= Beginning of Section =

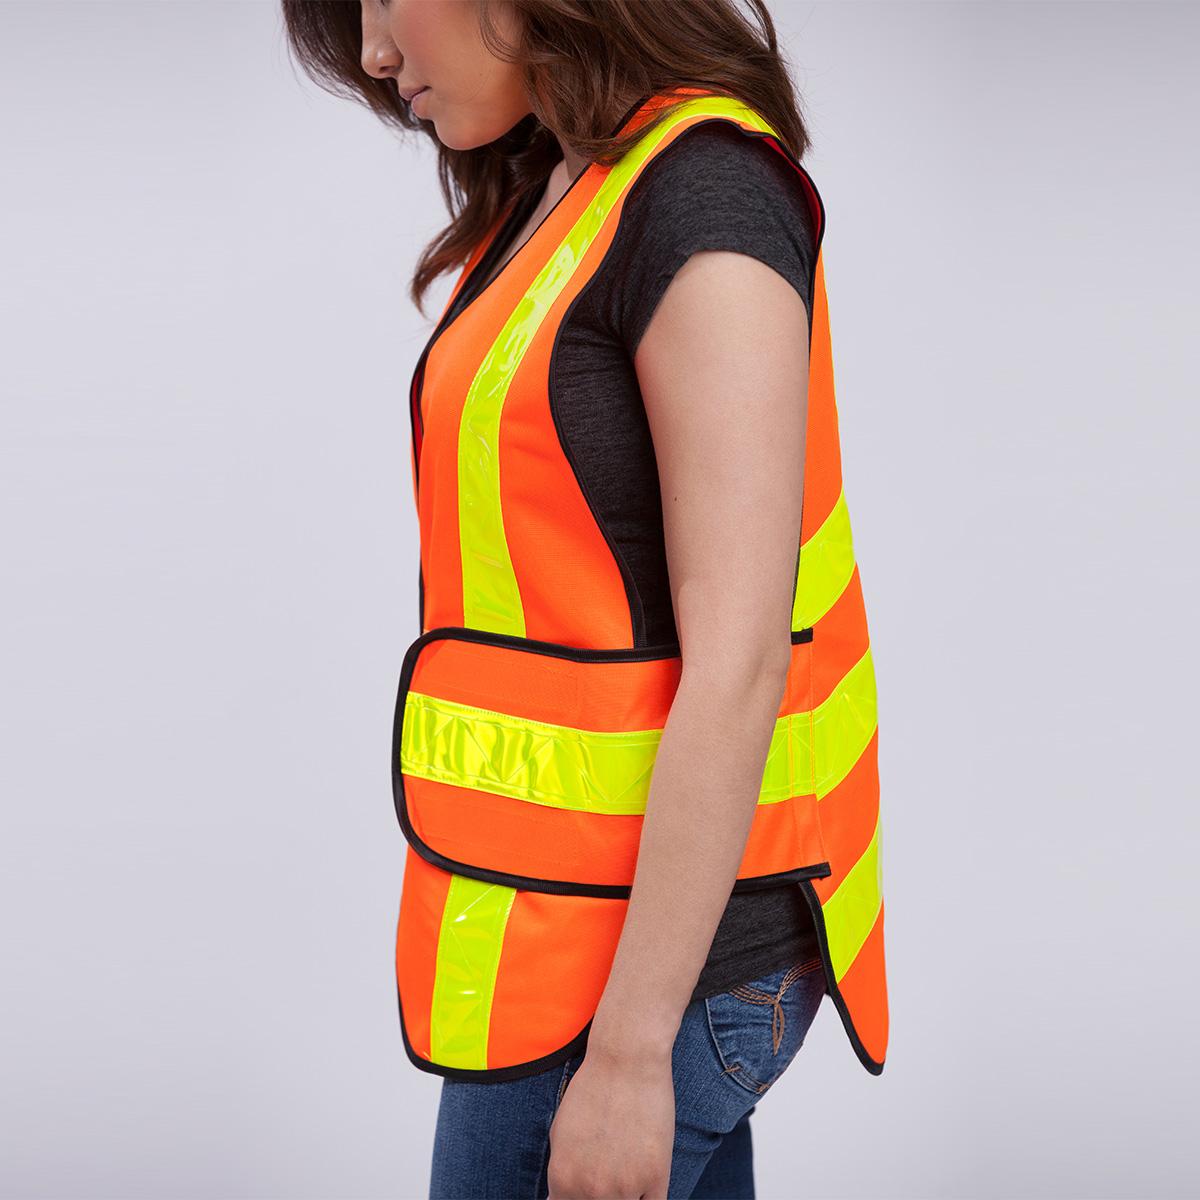 Chevron High Visibility Vest Edgar James Apparel
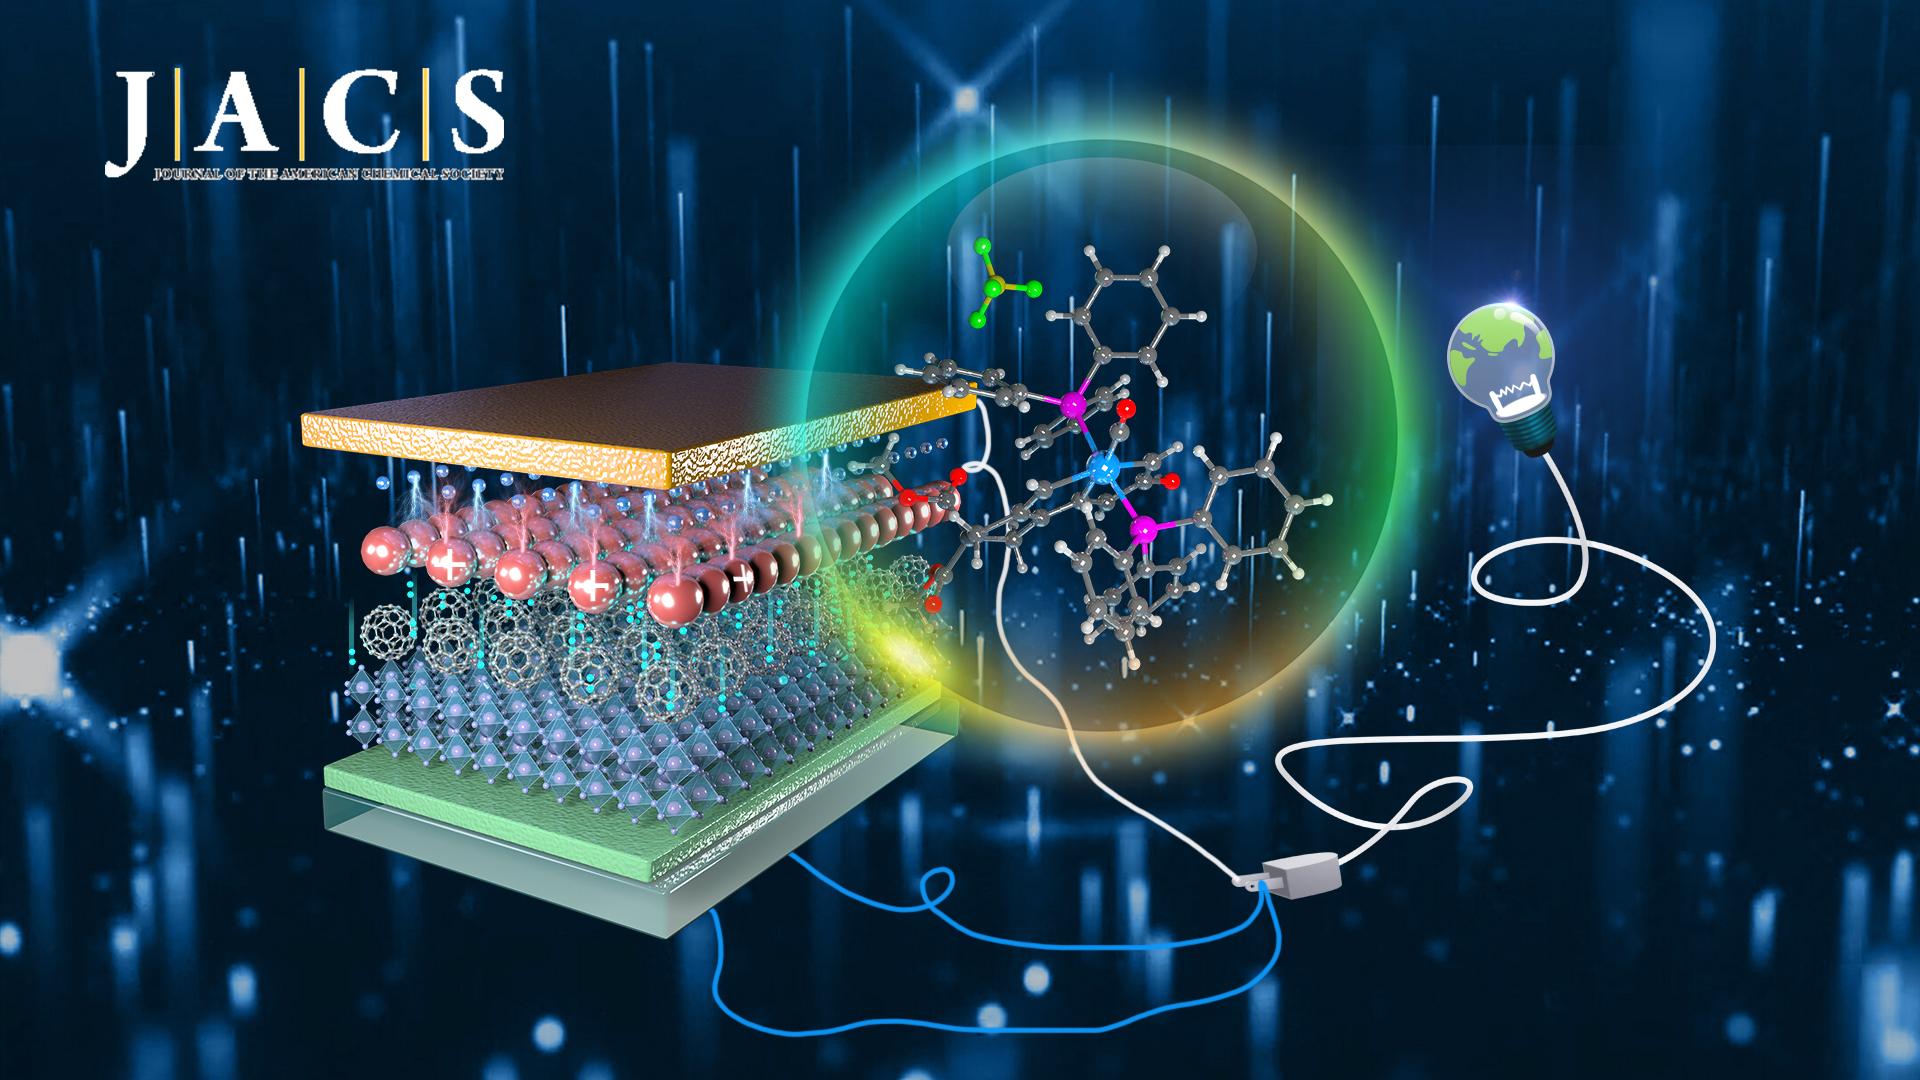 SUSTech researchers make significant progress in cathode interfacial materials in perovskite solar cells
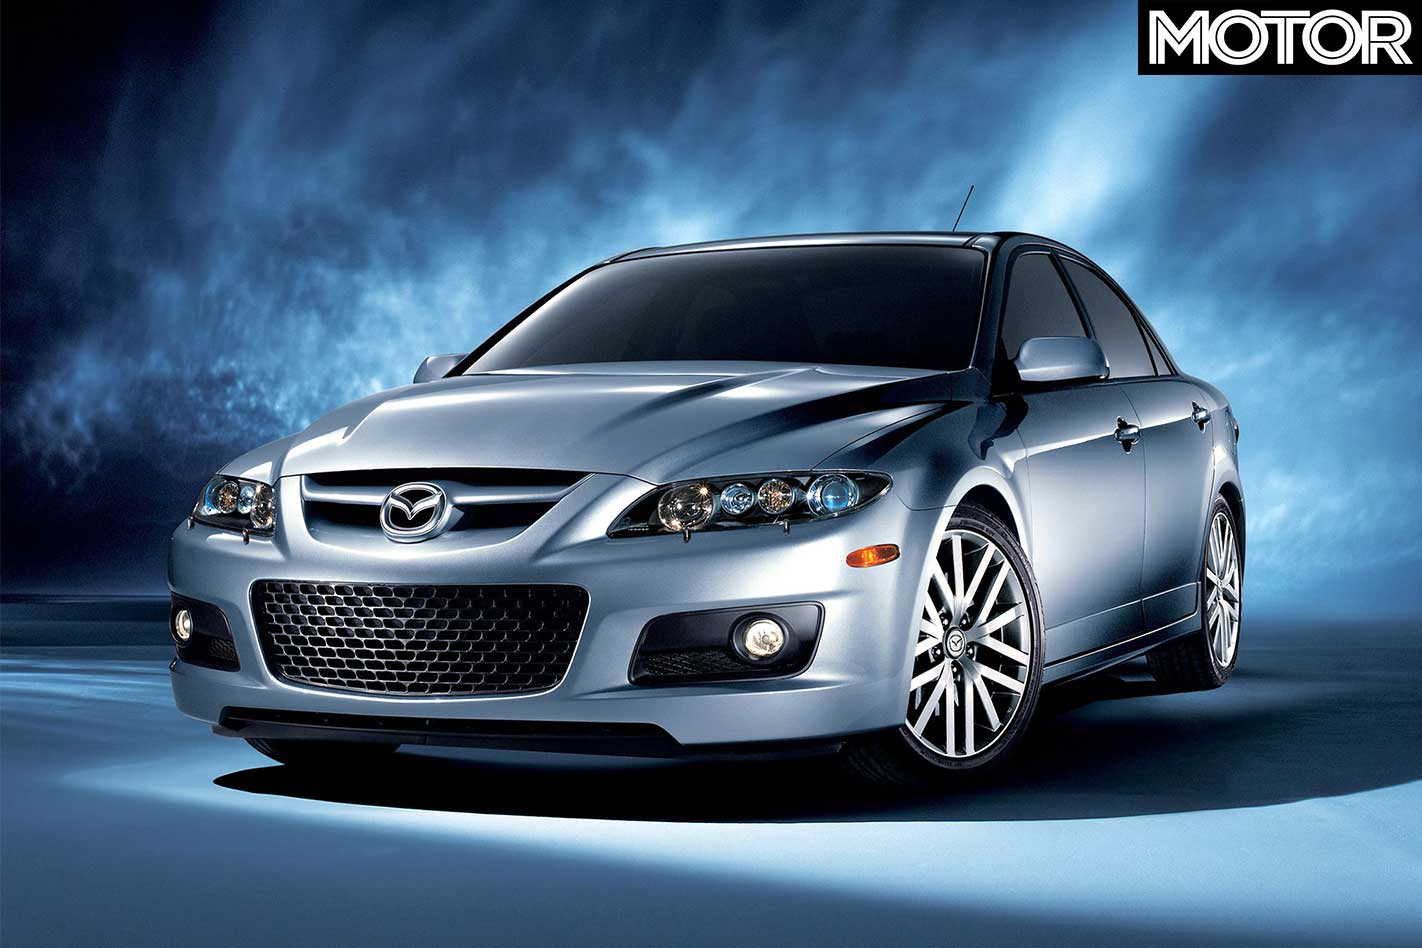 2005 Mazda6 MPS. DRIVE: All Wheel

= End of Section =

Transcribe the listing above in full. Pictures are not part of the copy.

 Chevron High Visibility Vest Edgar James Apparel
 SUSTech researchers make significant progress in cathode interfacial materials in perovskite solar cells
 2005 Mazda6 MPS. DRIVE: All Wheel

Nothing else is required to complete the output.